Bomb testing fallout a forensic boon for carbon-dating time-of-death

Eden Johnstone-Belford is a Monash University PhD student at the Department of Forensic Medicine. She specialises in an emerging field of forensics that aims to determine an unidentified person’s time-of-death through ‘bomb-pulse dating’.

Bomb-pulse dating is a surprising and powerful investigative method otherwise known as ‘radiocarbon dating’.

Humans absorb radiocarbon from the atmosphere, but beginning in the 1950s for a decade until it was banned above ground, widespread nuclear testing threw vast amounts into the air. It’s since seeped into oceans and plants, but those who died in the 1970s, for example, will have higher ‘bomb carbon’ levels, particularly carbon-14, than those from the 1990s.

The Marshall Islands nuclear testing site.
The Marshall Islands nuclear testing site. Photo: United States Department of Defence. Source: Wikimedia Commons

But there’s more to it than that, Johnstone-Belford explains to Lens.

“Carbon-14 is a naturally-occurring isotope of carbon,” she says, “but it was increased throughout the ’50s and ’60s when we had a lot of worldwide nuclear bomb testing.

“The levels of it increased by about double in 10 years, so there was a massive peak. And then the nuclear testing ban came into effect in 1963. So since then levels have been declining back to pre-nuclear testing levels, and we call this the bomb-pulse curve.

“Using this curve, we can only date remains from 1950 to modern day. The carbon-14 is in the environment, it gets converted into carbon dioxide, which then gets absorbed into the plants through photosynthesis, and we eat the plants.

“It's in the food we eat, it's in the water we drink. It’s in the air, it's in everything, so everyone will have different levels of carbon-14 depending on when they were born, what they eat, their lifestyle.”

Above-ground nuclear testing was considered a pretty bad idea, which is why it was banned so quickly. Johnstone-Belford says the accidental by-product for scientists is one good thing that's come out of it.

Results are mixed, but it’s a busy area of international research. The bomb-pulse dating technique has been used in Europe and the United States, but is much newer in Australia.

An Italian study in 2013 looked at a corpse found in a lake; the person had been shot in the face. Italian police said the body belonged to a 36-year-old male who was born in 1973 and who disappeared at the end of 2009. The researchers were able to examine the hair, teeth and bones through bomb-pulse dating, and date the body as accurately as possible, but data across international studies varies. Even within a year or two is considered worthwhile for police.

Putting a finger on death

Johnstone-Belford says that although preservation-dependent, fingernails could be the key to obtaining more accurate timestamps in forensic work where bodies are unidentified.
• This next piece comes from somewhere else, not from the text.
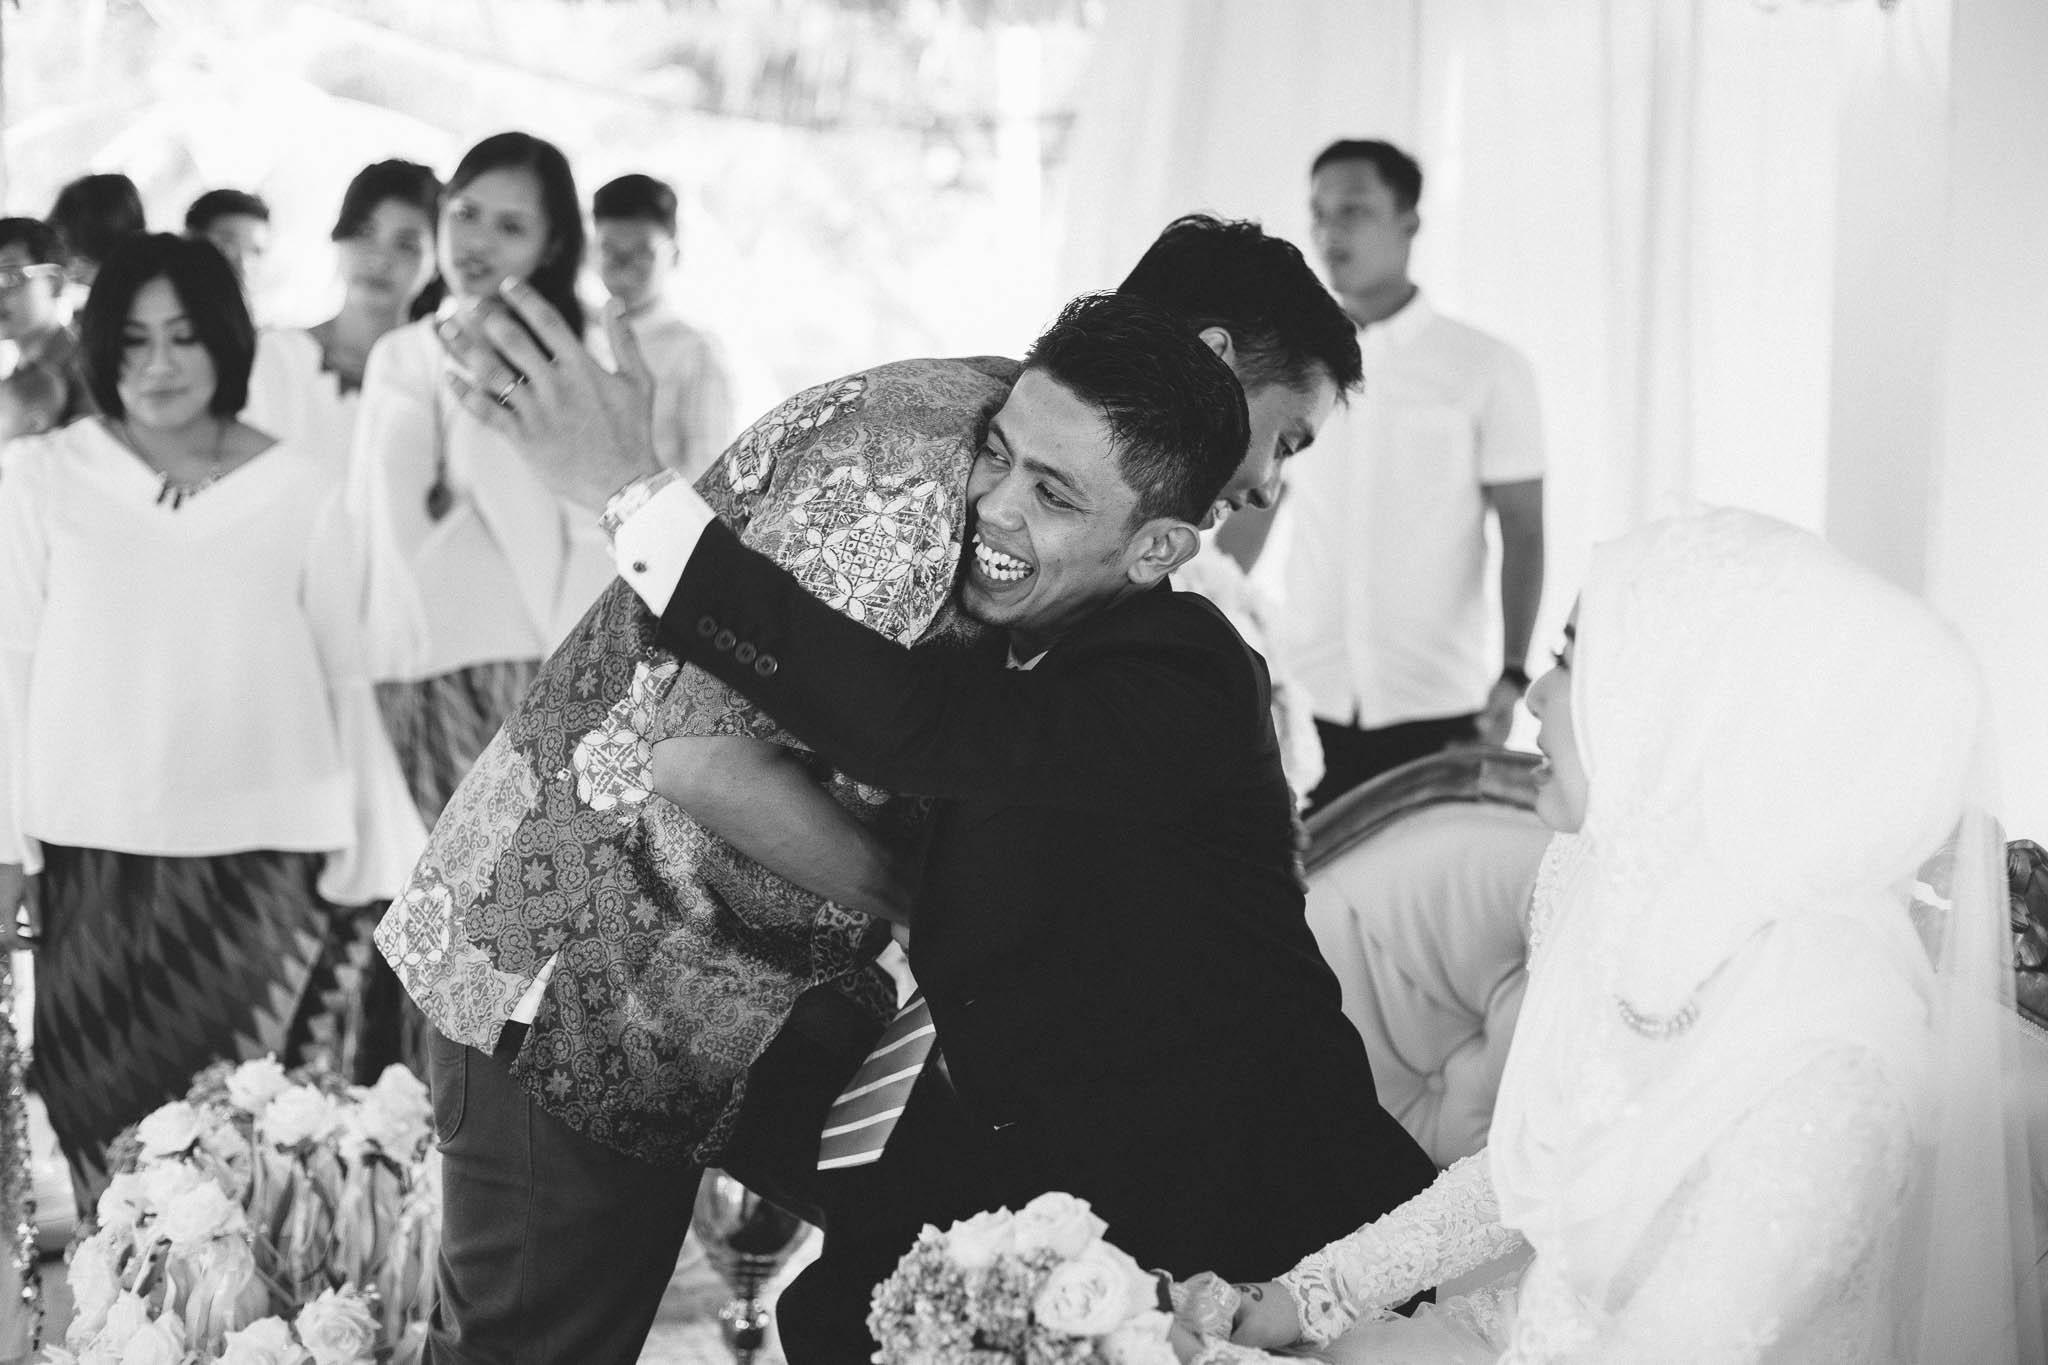 singapore-wedding-photographer-malay-indian-pre-wedding-travel-wmt-2015-61.jpg

Her paper, published in January in the Journal of Forensic and Legal Medicine, says nails “contain 14C levels most consistent with the year of death”, with 91% correctly predicting year-of-death, closely followed by hair, with a 79% correct prediction rate, with both hair and nails having a lag time of zero to one year.

The paper was written in conjunction with Monash’s Adjunct Professor Soren Blau, the Senior Forensic Anthropologist at the Victorian Institute of Forensic Medicine (VIFM), and Dr Joanna Dipnall, a research fellow at Monash’s Data Institutes Futures Institute.

“We're hoping fingernails can be quite useful in some cases where we do have long-term unidentified human remains with otherwise no way to help identify them,” she says.

“Getting a year of death can be very useful in those examinations.”

Puparia, or maggot casings, are also useful.

“They’re the solid casings that the maggots leave behind. They are not as accurate, we've found, as the hair and nail. But, in a lot of cases, they’ll be left behind, whereas the hair and nail won't survive. So, the puparia are still good. Hair and nail both form very quickly – within a year you've grown new hair and new nails.


“The nails gave the best and the most accurate results. But we don't know, with those donors we used, if there was contamination in the hair due to hair dyes or shampoos – there’s a variety of factors that can influence hair more so than nails.”

The ‘donors’ for the study come from the Australian Facility for Taphonomic Experimental Research (AFTER) near Sydney, a ‘body farm’ set up in 2016 to help forensic investigators study human decomposition under various conditions or crime scene scenarios.

“AFTER is a facility where members of the public can donate their bodies for forensic research. The bodies are placed outdoors, but are covered in cages to prevent any animals scavenging.

“They’re studied as they decompose. A range of different scientists can examine the remains, including entomologists, DNA scientists, and forensic anthropologists.”

Her samples were ‘destructive’, or collected from the body rather than studied in situ.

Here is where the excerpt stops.